A bet most on Wall Street were not willing to make. When Old West Investment Management, a small Los Angeles based hedge fund overseeing roughly $1 billion in assets, decided to dramatically increase its exposure to energy stocks, few in the industry were cheering them on. Oil was trading around $60 a barrel, sentiment toward the sector had turned deeply negative and most analysts were forecasting that new supplies combined with slowing global demand would push prices even lower.
Chief investment officer Brian Laks saw things differently. He and his team believed the bearish mood had gone too far and no longer reflected the true longer-term fundamentals of the energy market. So Old West did something contrarian: it shifted its energy holdings from a single-digit percentage of its portfolio to more than 30% of total investments.
That call, made well before any major geopolitical upheaval, proved to be one of the most well-timed investment decisions of the year.
How a 31% return came together
By the end of February, Old West’s flagship fund had posted a 31% return for the year, a figure that turned heads across the industry. Notably, those gains arrived even before the most dramatic catalyst hit: a U.S. and Israeli military campaign targeting Iran that sent oil prices, surging past $110 a barrel and effectively shut down a critical regional shipping lane.
Several developments along the way helped build the position’s momentum. The Trump administration’s removal of former Venezuelan president Nicolás Maduro, a hardline U.S. posture toward Iran and the compounding weight of sanctions on Russian energy exports all contributed to pushing oil prices steadily higher before the conflict fully escalated.
The final result was a fund return that outpaced some of the most recognized names in finance. 1. Pierre Andurand’s main hedge fund, run by the widely followed oil trader, gained 19% through March 13. 2. RCMA Capital’s Merchant Commodity Fund returned around 20% through early March. 3. Citadel’s Wellington fund posted just 2.9% through the end of February. 4. Balyasny Asset Management’s Atlas Enhanced fund was up only 0.4% over the same stretch.
For a small Los Angeles firm, those comparisons represent a remarkable outcome.
What powered the thesis and where Old West looks next
Old West’s bold oil bet paid off with a 31% fund gain. Old West’s energy pivot was never purely a geopolitical wager. The underlying logic was grounded in valuation. The S&P 500 Energy Index gained just over 2% across 2023 through 2025, a sharp contrast to the broader S&P 500’s 78% rise over the same period. To Laks and his team, that divergence signaled that energy stocks were trading well below what long-term supply and demand fundamentals actually supported.
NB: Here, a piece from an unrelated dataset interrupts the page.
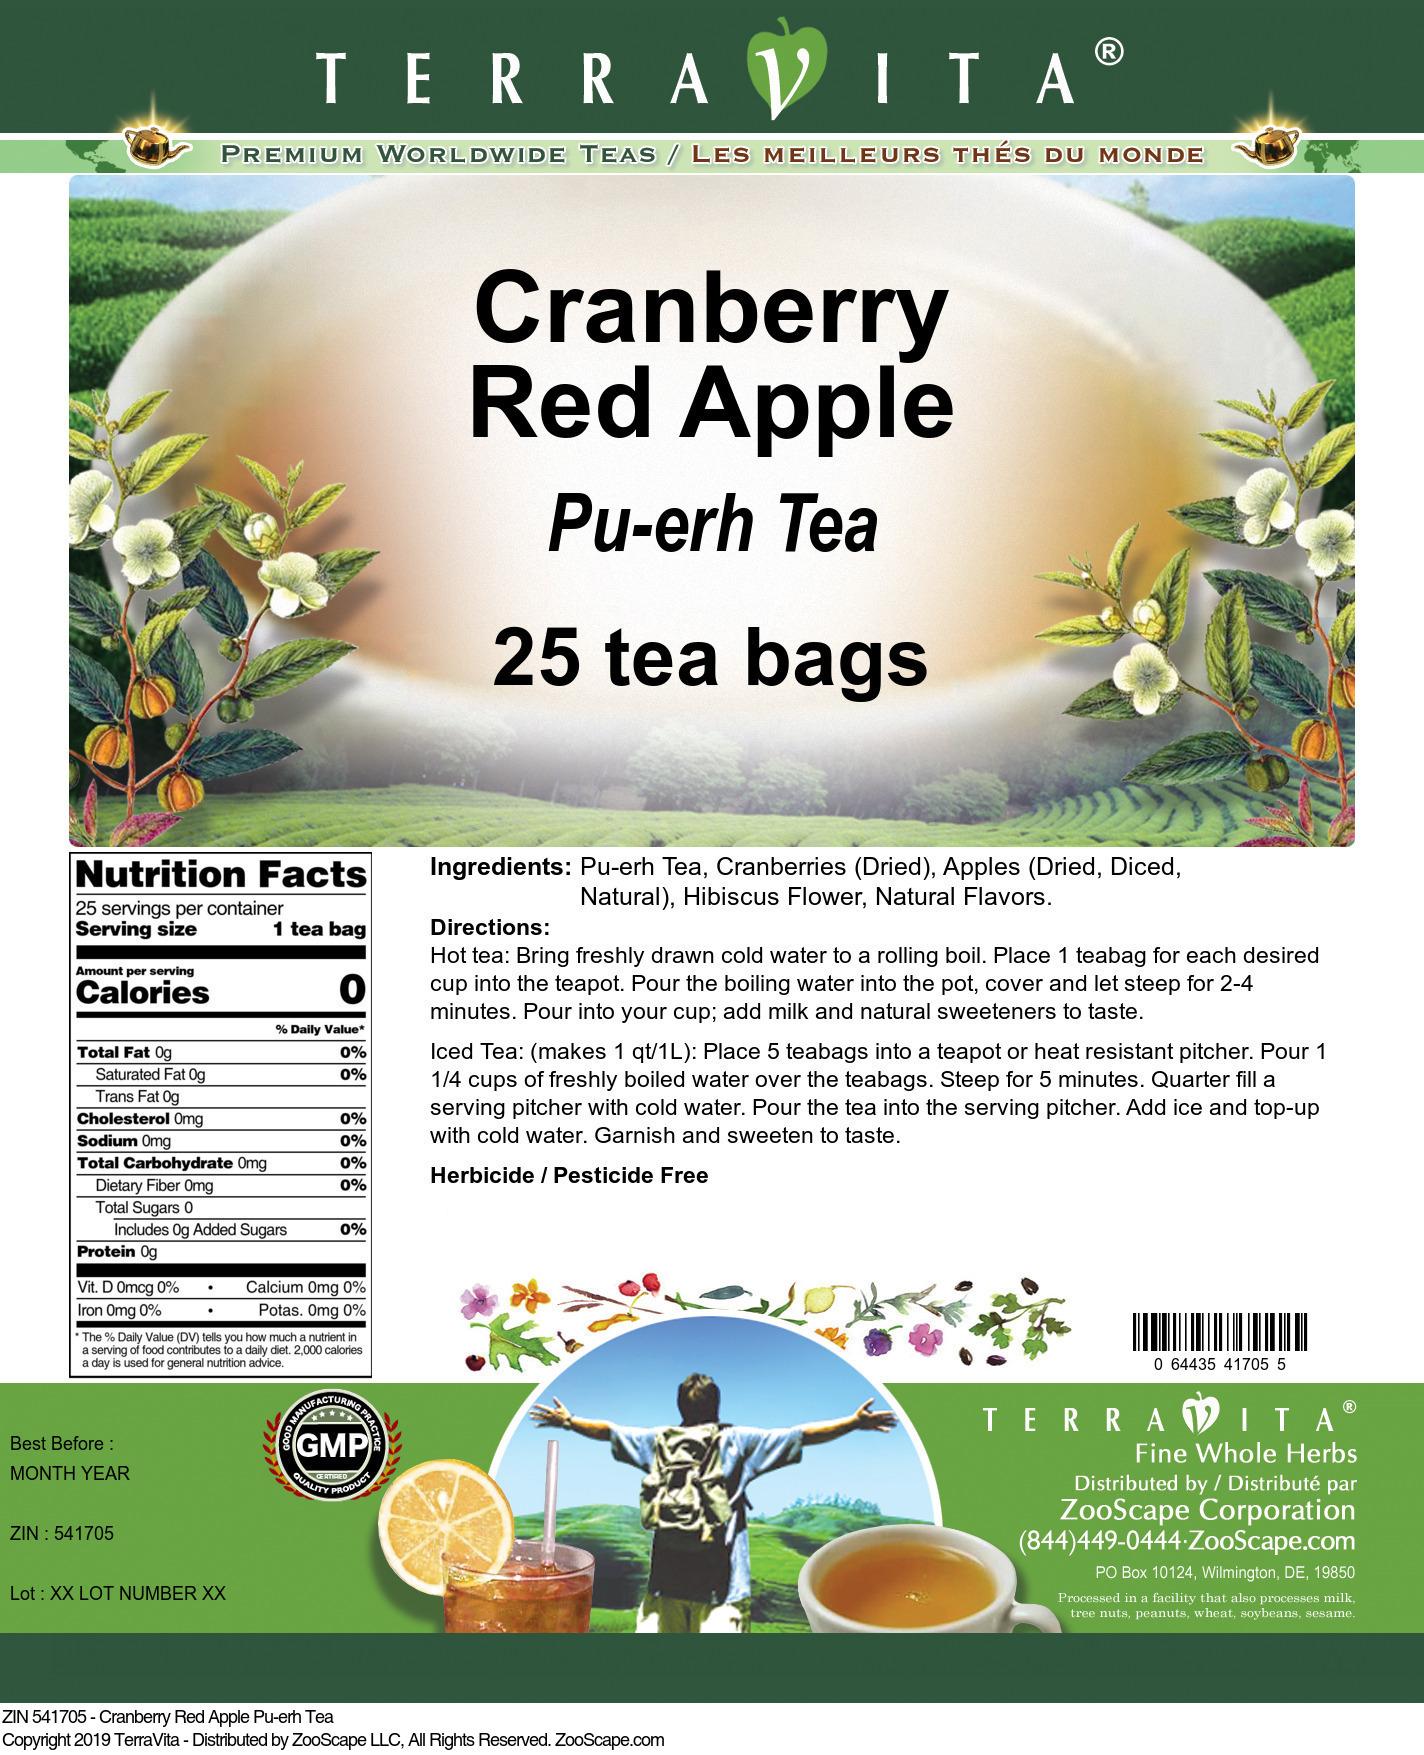 Cranberry Red Apple Pu-erh Tea

As the firm leaned into energy, it simultaneously trimmed positions in areas that had already performed strongly, including precious metal miners. Old West had also benefited the prior year from gains in critical minerals and magnet companies that surged after the U.S. government took equity stakes in them. Gold, which had climbed to a peak in January, has since pulled back amid growing concern that central banks may lift interest rates to contain an oil-driven inflation surge.
The current portfolio includes stakes in five energy companies: 1. Canadian Natural Resources, 2. Murphy Oil, 3. Suncor Energy, 4. SLB and 5. PBF Energy names Laks believes still carry meaningful upside despite strong recent performance.
His longer-term conviction extends beyond the current conflict. Artificial intelligence data centers, which require enormous amounts of electricity, are expected to sustain robust demand for natural gas for years ahead. In Laks’ view, the physical infrastructure underpinning the modern economy pipelines, oil wells and railroads sits among the most durable beneficiaries of the AI buildout.
The contrarian energy bet that drew skepticism just months ago is drawing far fewer doubters today.